Material and methods

The study was conducted on a group of 15 patients with locally advanced or advanced lung adenocarcinoma. Six women and 9 men were qualified for the study, with an average age of 66 years. The patients had not previously received any systemic anticancer treatment, antibiotic therapy, drugs stimulating hematopoiesis, or drugs affecting the activity of the immune system; those patients had no diagnosed autoimmune diseases. All investigations were carried out according to relevant guidelines and regulations. Informed consent was obtained from all subjects. The project received a positive opinion from the Bioethics Committee at the Medical University of Lublin (nr KE-0254/318/2018).

Isolation of peripheral blood mononuclear cells

Peripheral blood (9 mL) was collected into Monovette tubes with sodium heparin on the day of the planned bronchoscopy procedure. Bronchoaspirate (1520 mL) was collected from the patients during bronchoscopy. Only patients diagnosed with lung adenocarcinoma without clinically significant molecular changes were qualified for the first-line anticancer treatment and were included in the final statistical analysis.

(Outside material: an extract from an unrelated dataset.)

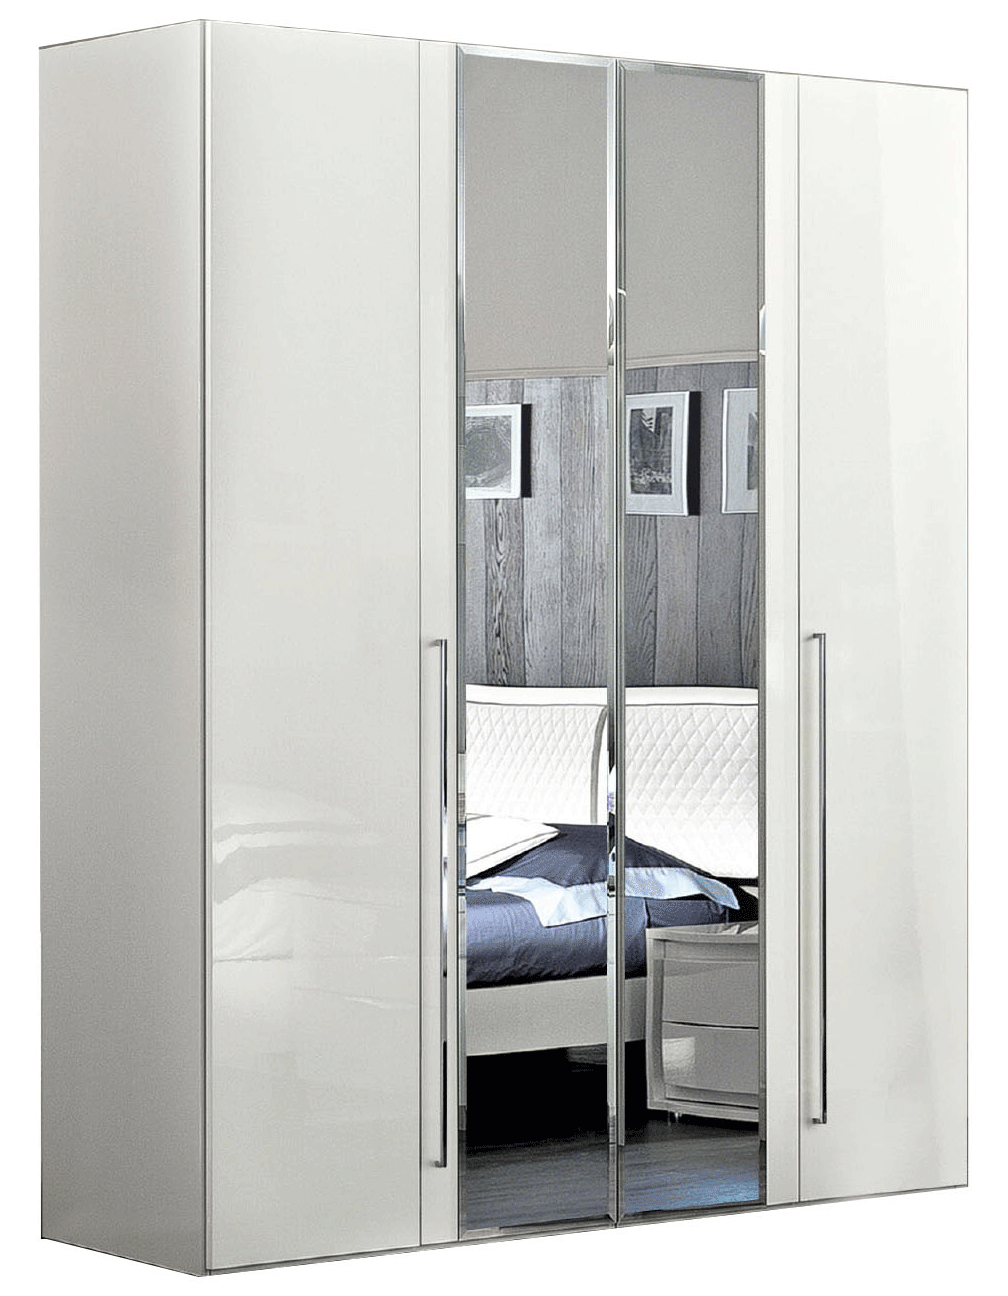 Bedroom Furniture Beds with storage Dama Bianca 4 Door Glass Doors Wardrobe White
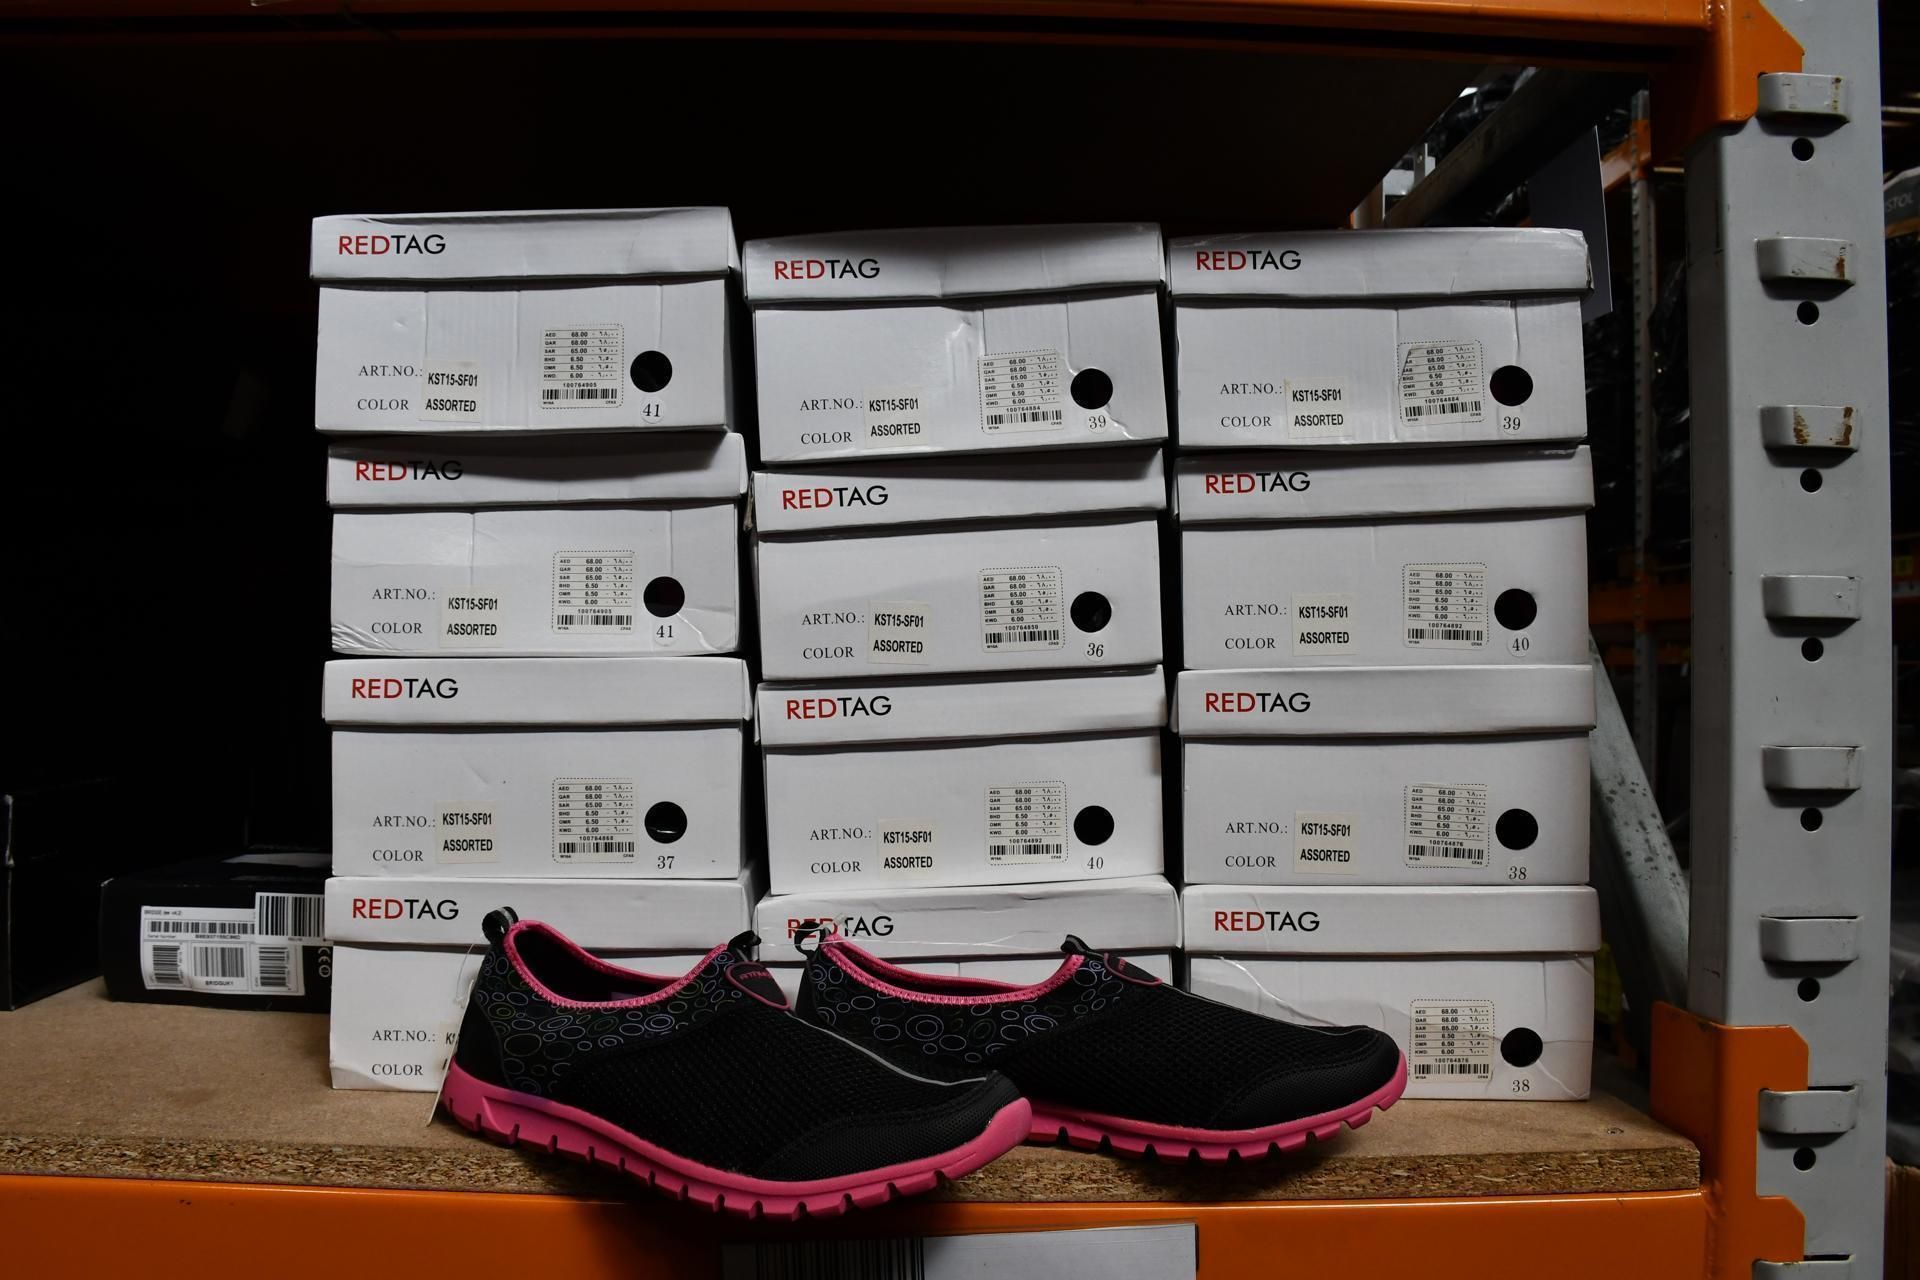 Twelve RedTag Running Shoes, Pink/Black, Mixed Sizes. Women's. Unworn with Boxes, Unworn

Peripheral blood mononuclear cells (PBMC) were generated by layering blood diluted with phosphate-buffered saline (PBS) without calcium and magnesium ions (1:1 ratio) on Lymphoprep. The isolated PBMCs were rinsed twice with a buffered saline solution, counted in a Neubauer chamber, and their viability was assessed using trypan blue. The bronchospirate was filtered through sterile gauze to remove conglomerates of exfoliated epithelial cells and mucus strands. Then, it was centrifuged for 5 min at 2000 rpm.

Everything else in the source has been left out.